(The problem) An exact repetition of the data below, without images, is the expected answer.

(Provided data)
* * * * *

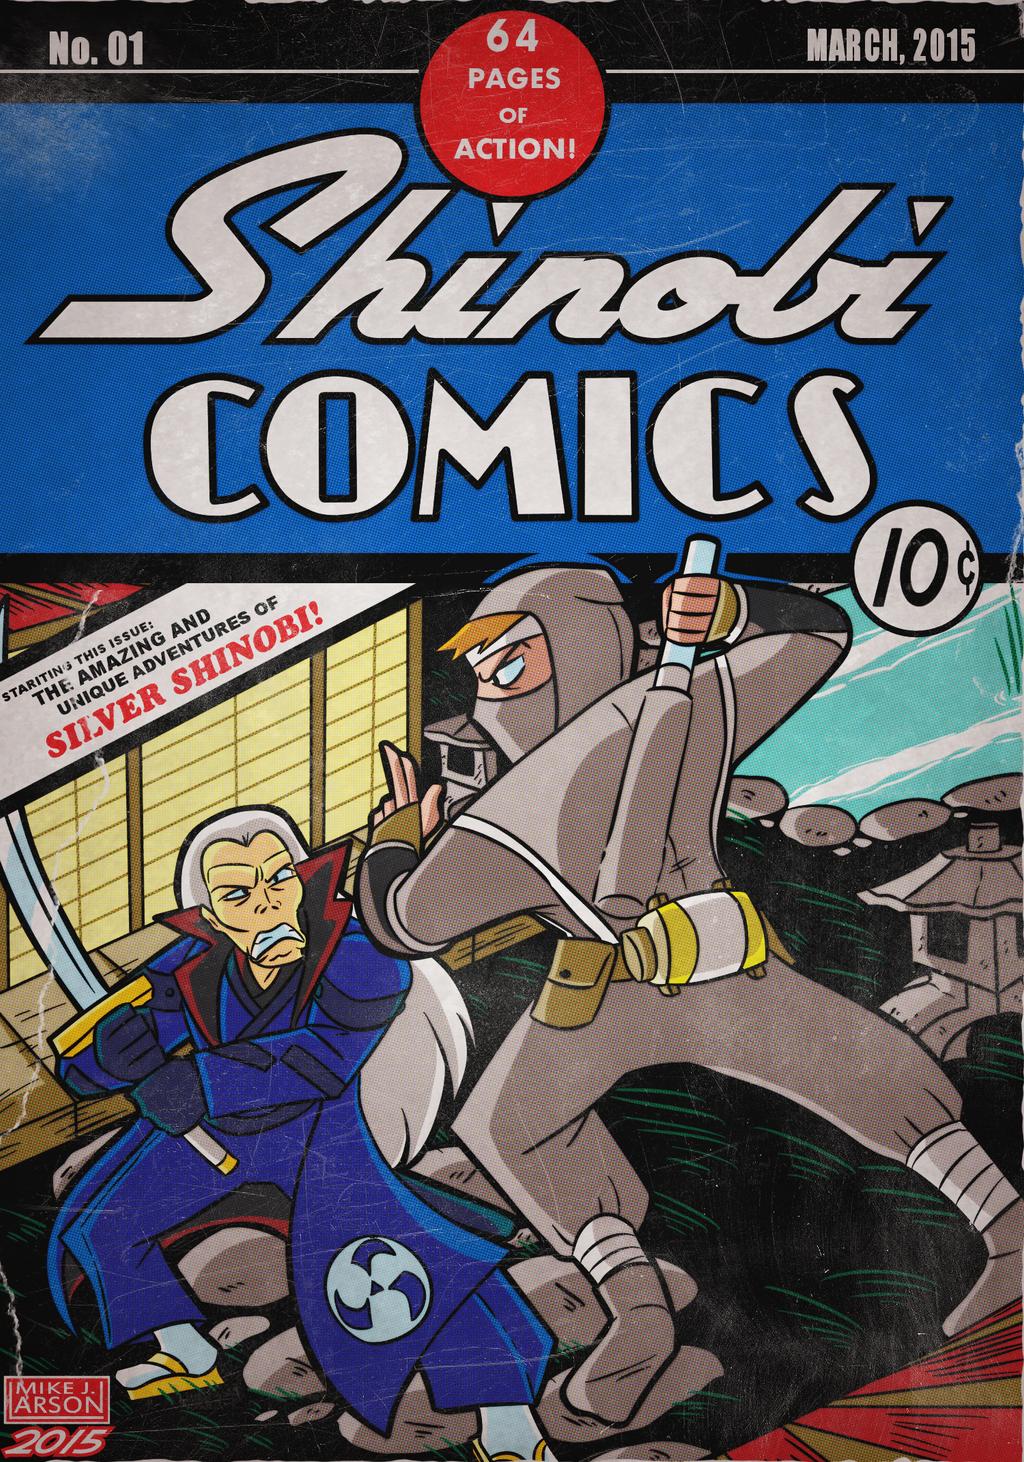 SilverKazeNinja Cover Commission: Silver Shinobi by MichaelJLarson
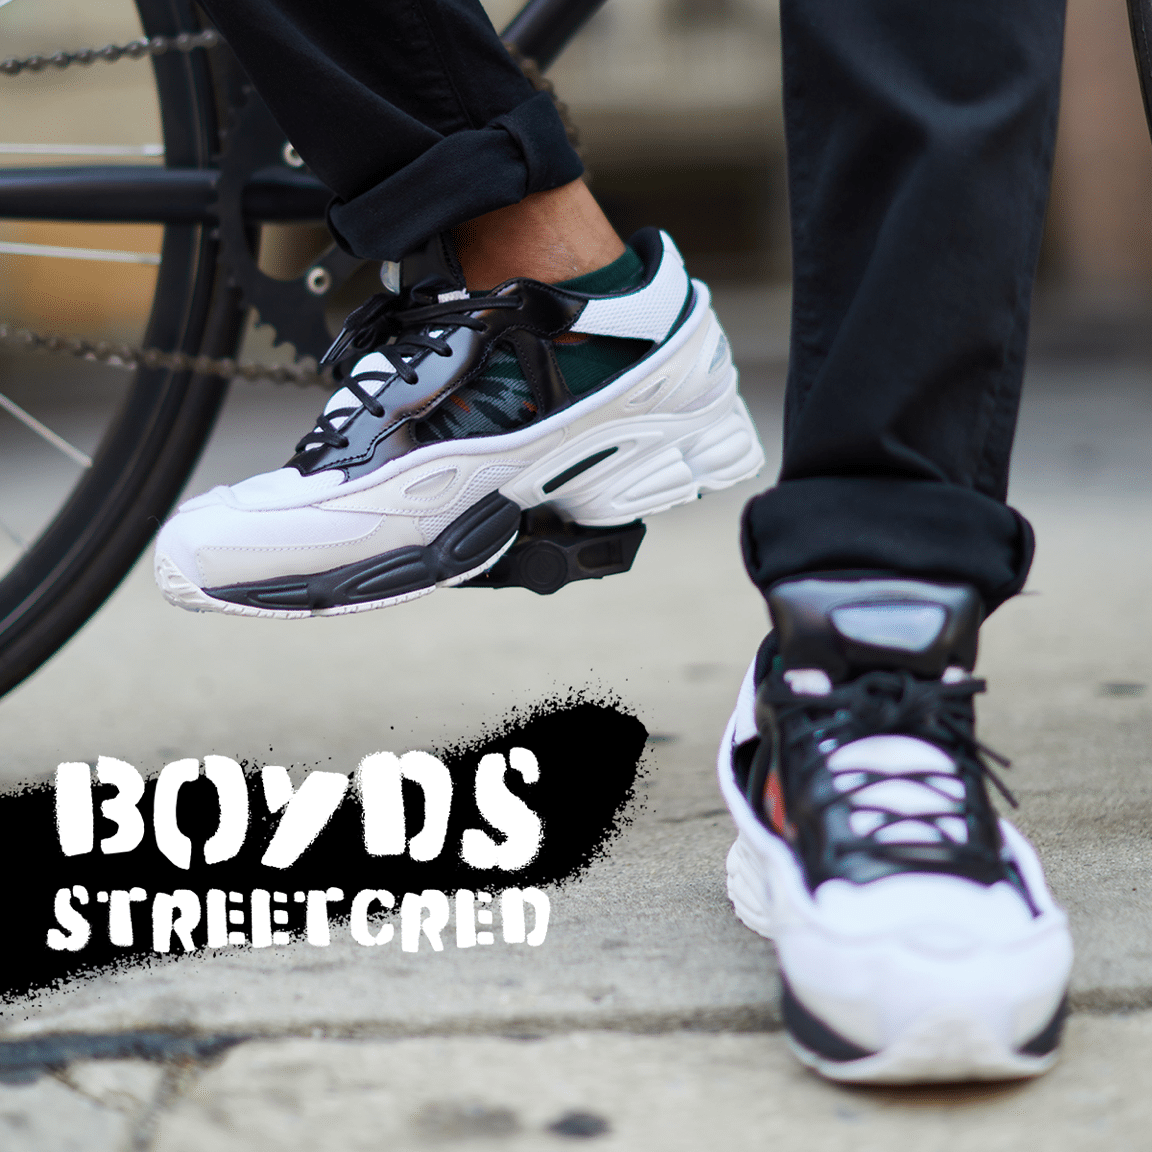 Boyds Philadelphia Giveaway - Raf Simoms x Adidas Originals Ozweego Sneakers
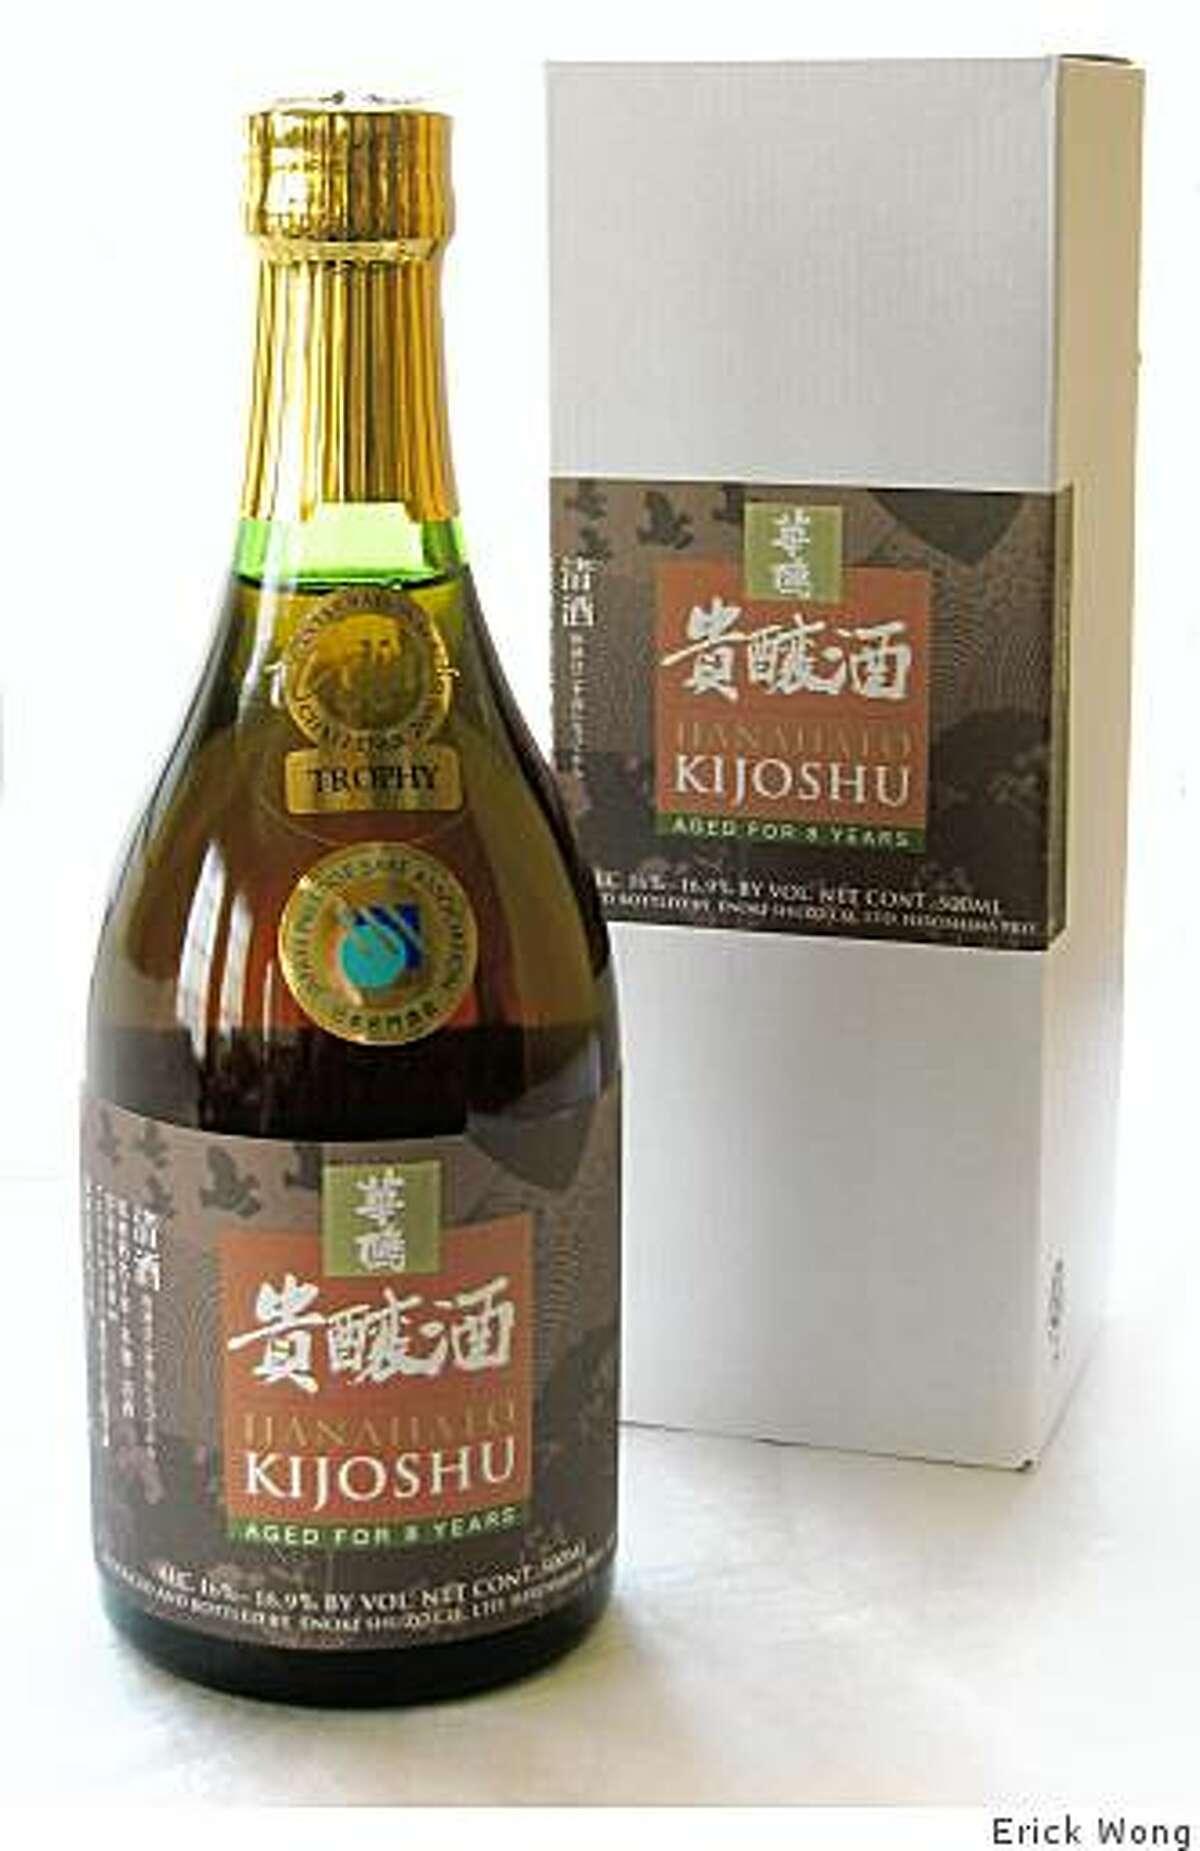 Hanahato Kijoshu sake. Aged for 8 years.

* * * * *

(Your response)
 SilverKazeNinja Cover Commission: Silver Shinobi by MichaelJLarson
 Boyds Philadelphia Giveaway - Raf Simoms x Adidas Originals Ozweego Sneakers
 Hanahato Kijoshu sake. Aged for 8 years.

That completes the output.